■ WORK TO COMPLETE: From the listing below, please restate exactly the lines beginning at the one with "Griffin logosu illüstrasyon" and ending at the one with "Яркая раскраска для", both included, and skip the pictures.

(PROVIDED MATERIAL begins)

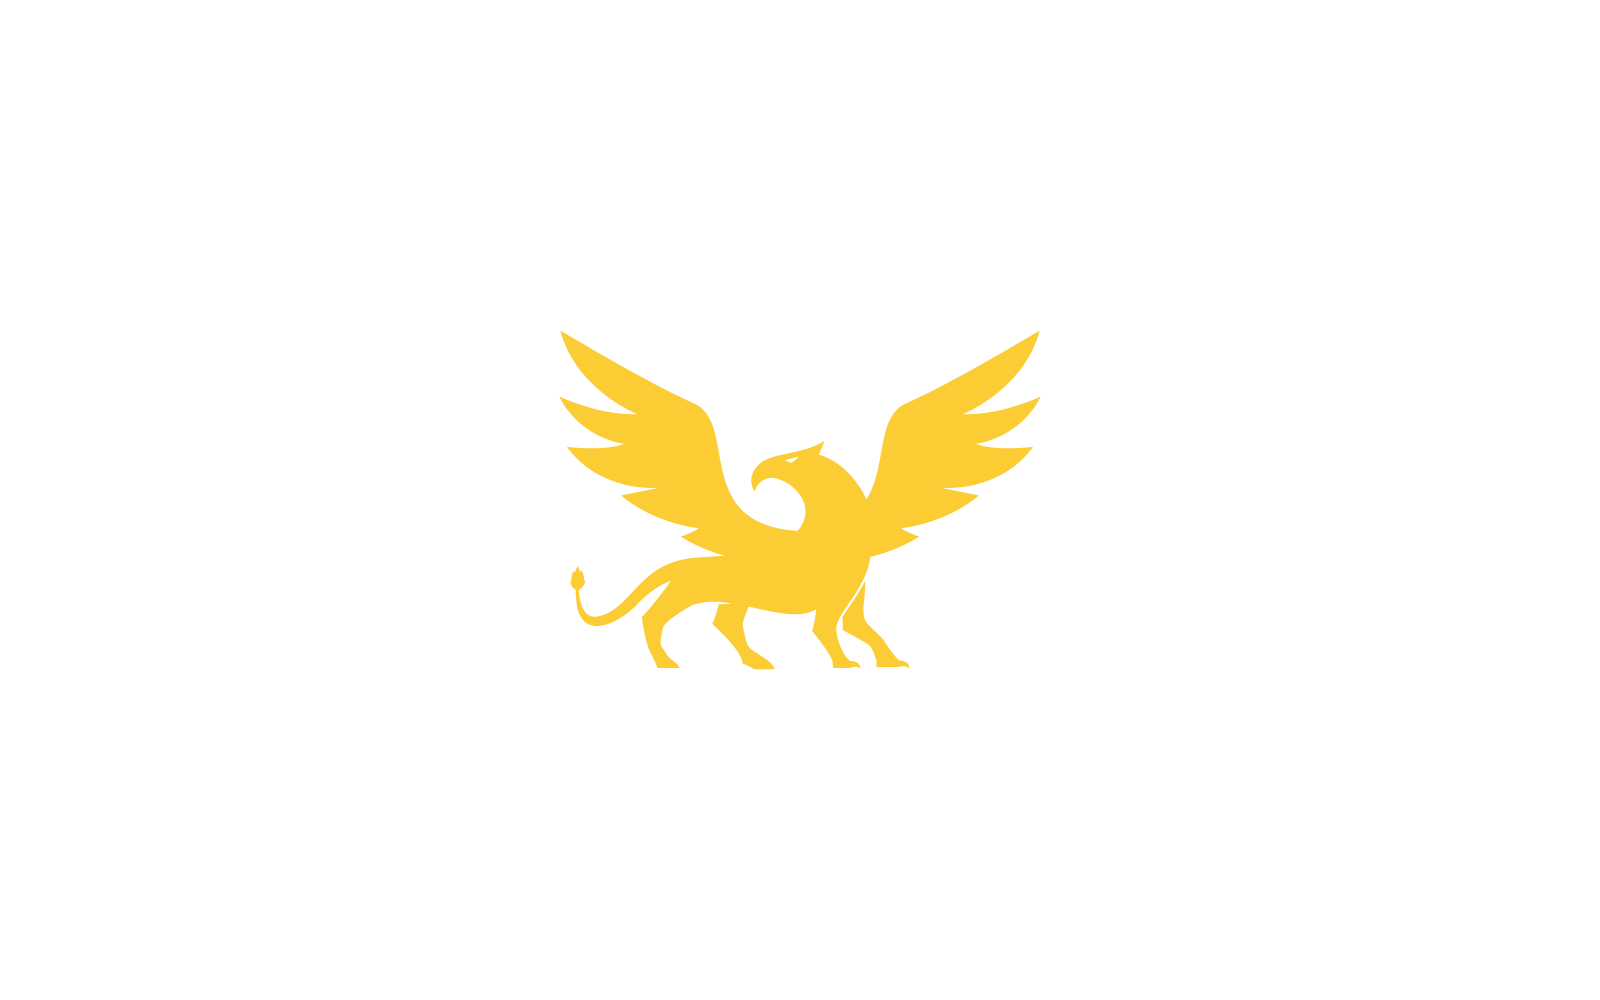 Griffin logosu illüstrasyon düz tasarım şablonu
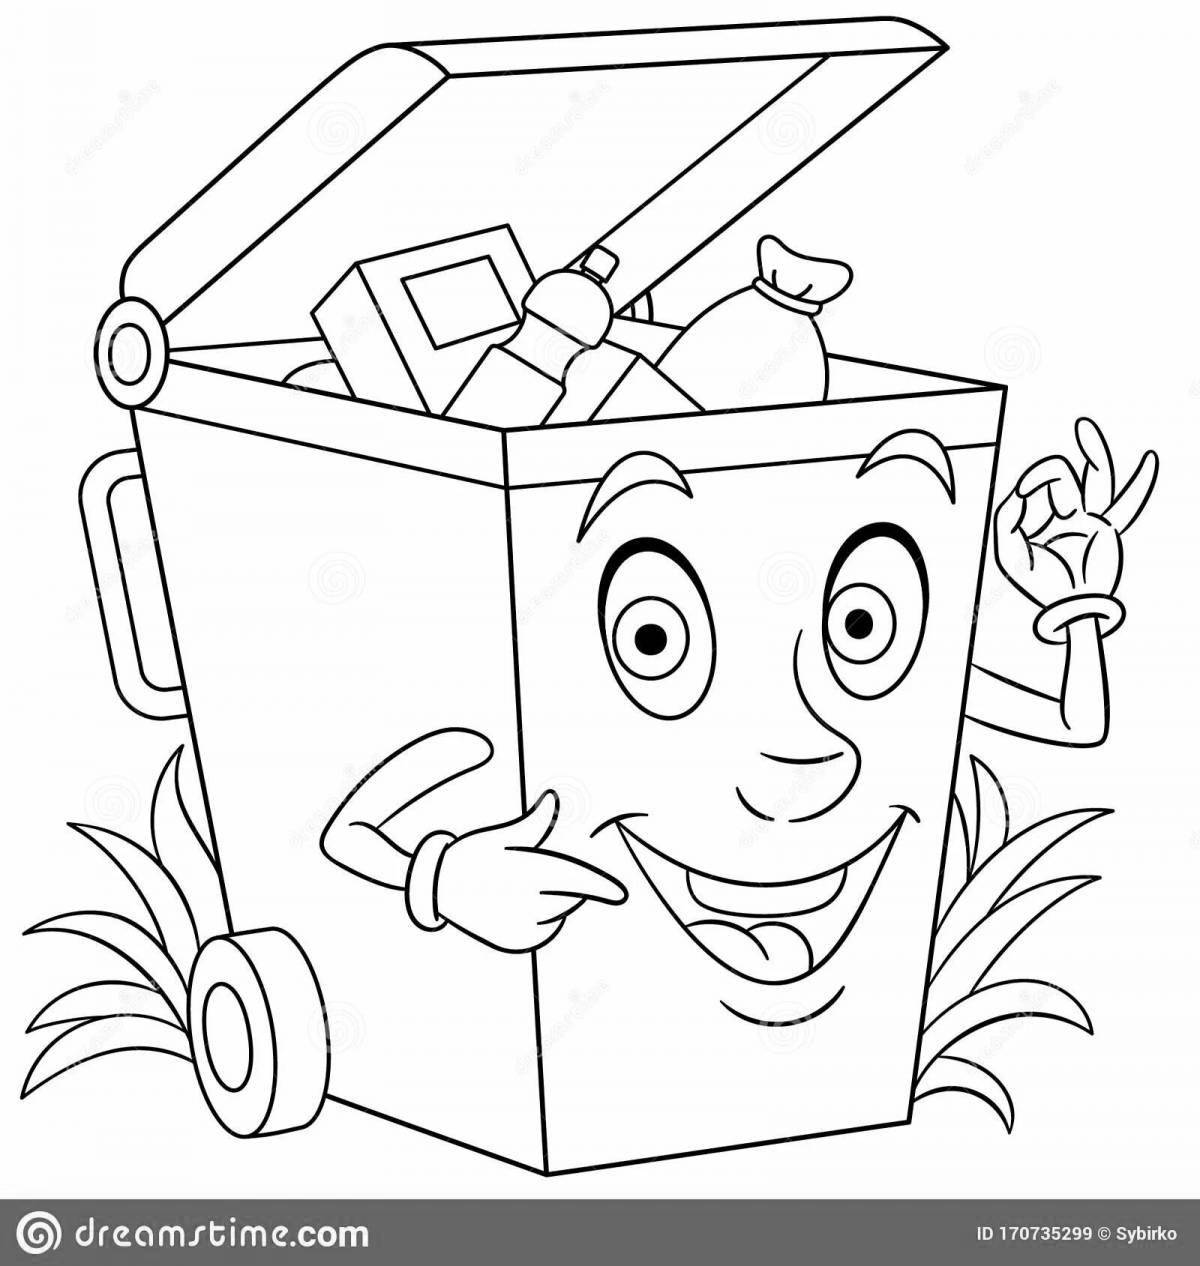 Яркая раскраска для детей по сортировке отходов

(PROVIDED MATERIAL ends)
(PROVIDED MATERIAL begins)

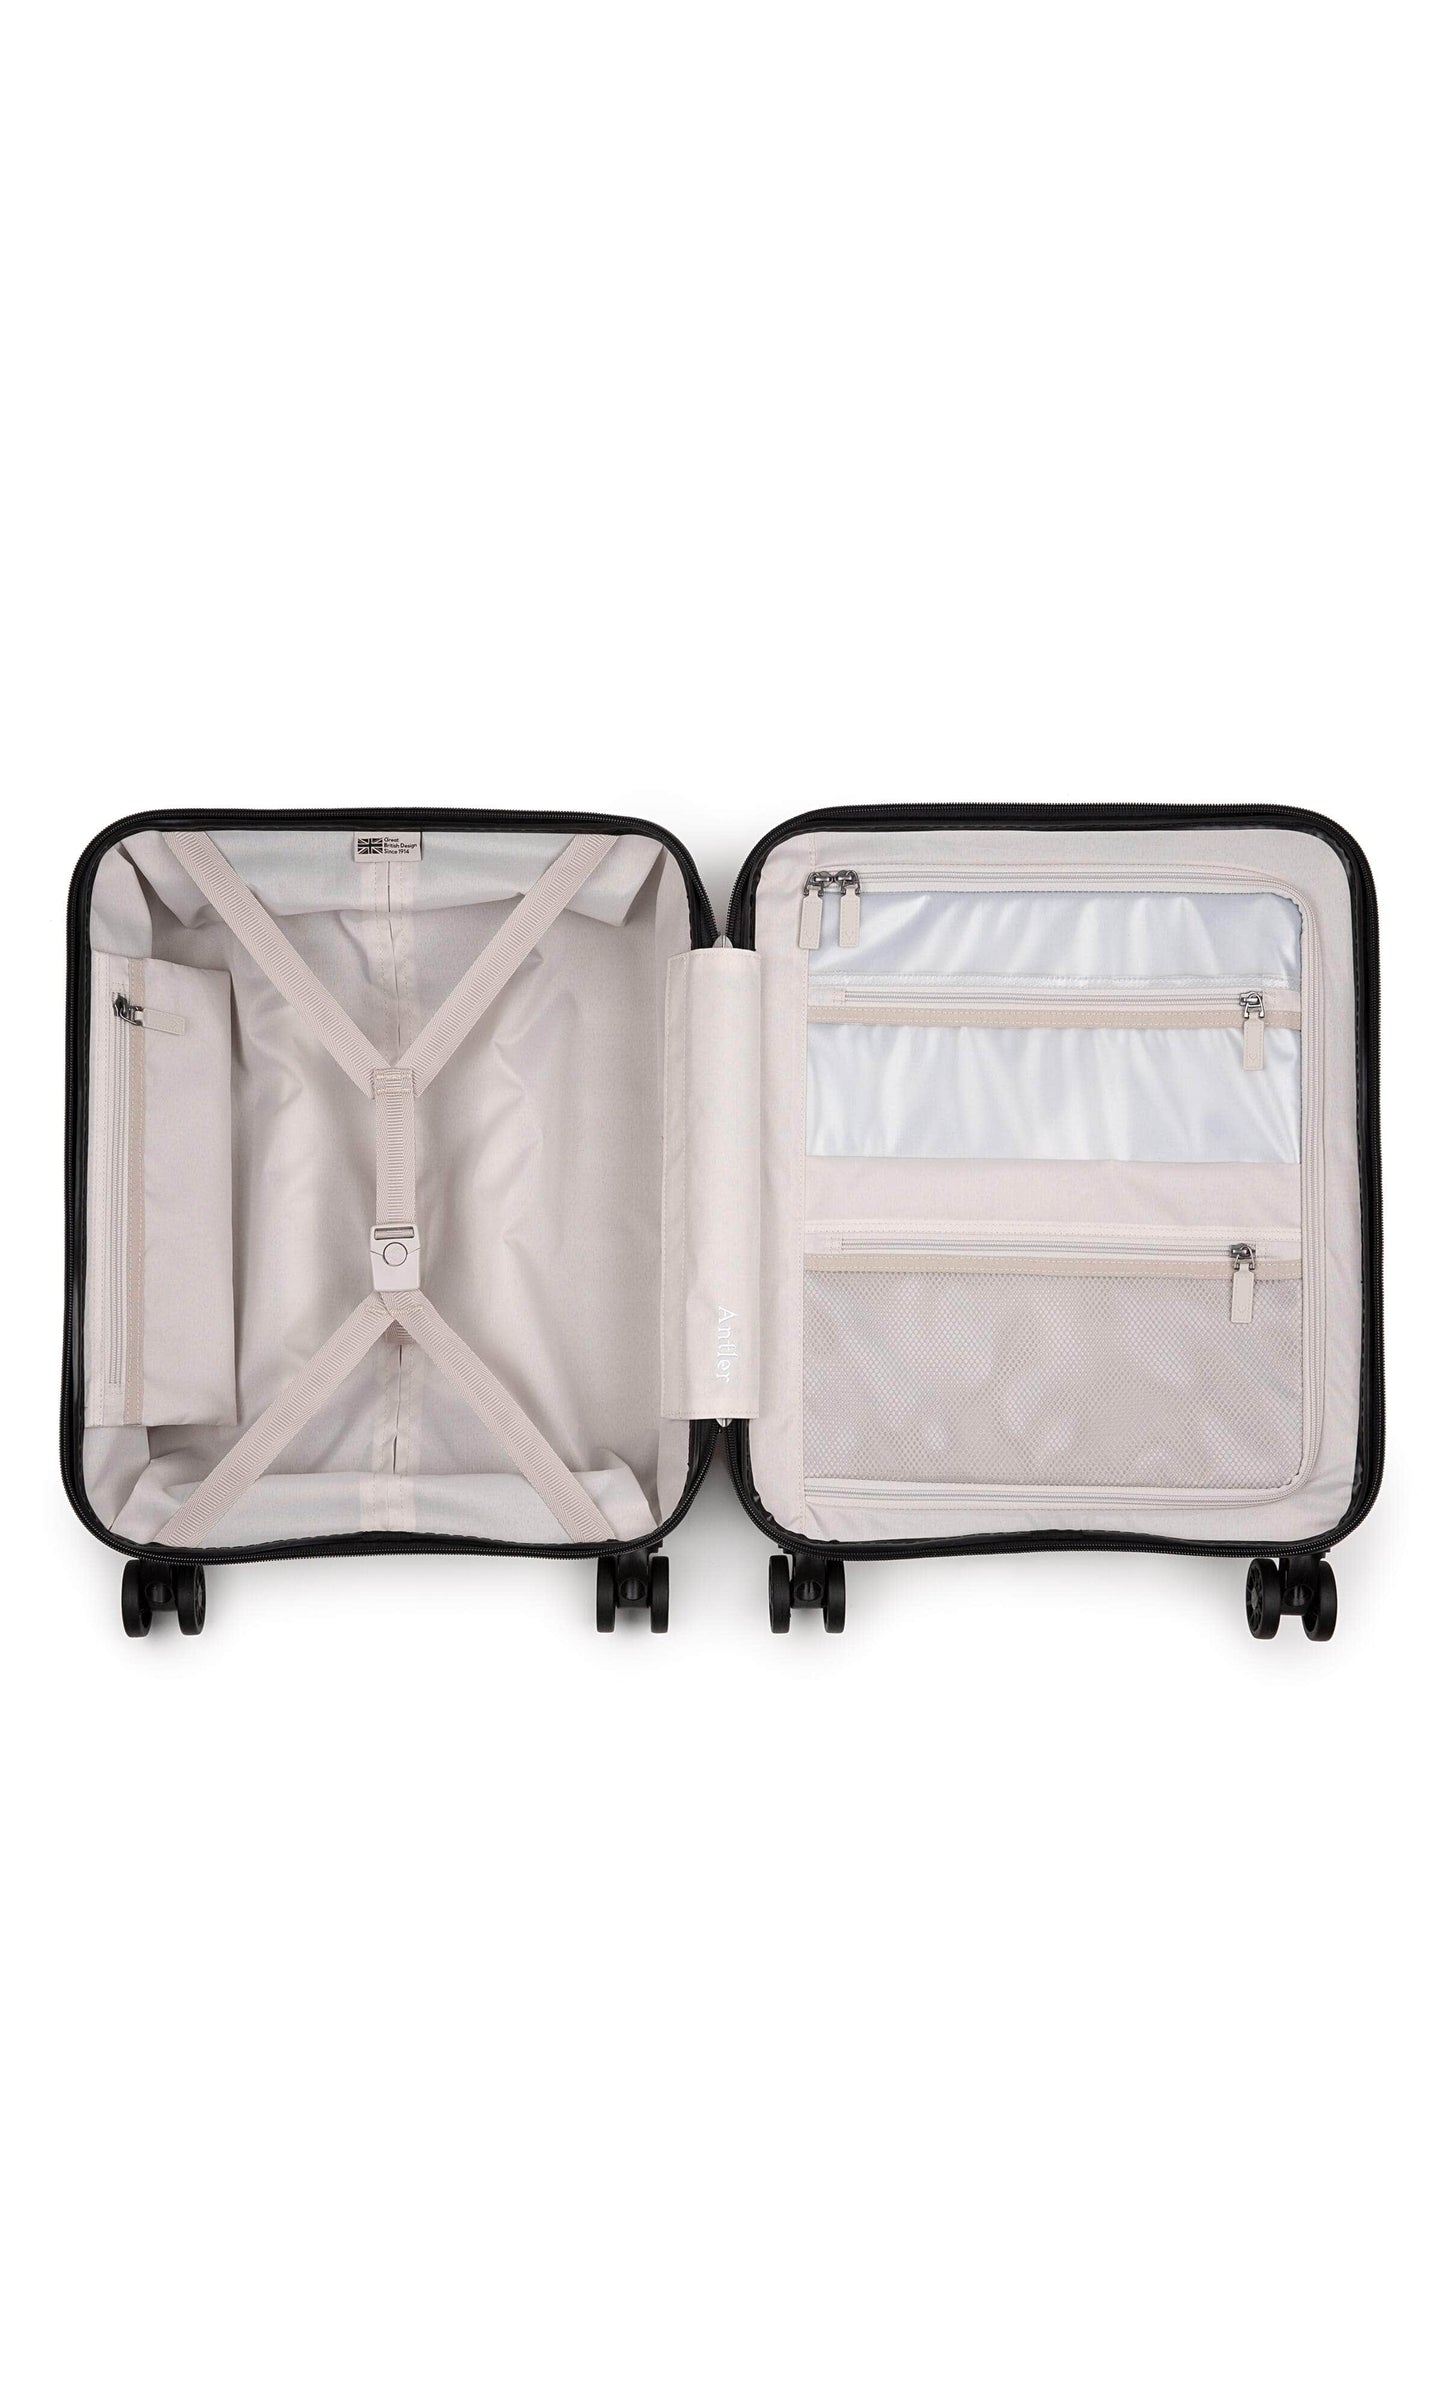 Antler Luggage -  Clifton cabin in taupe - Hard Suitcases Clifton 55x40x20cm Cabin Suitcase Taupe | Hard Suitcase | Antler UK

(PROVIDED MATERIAL ends)

■ YOUR RESPONSE:
 Griffin logosu illüstrasyon düz tasarım şablonu
 Яркая раскраска для детей по сортировке отходов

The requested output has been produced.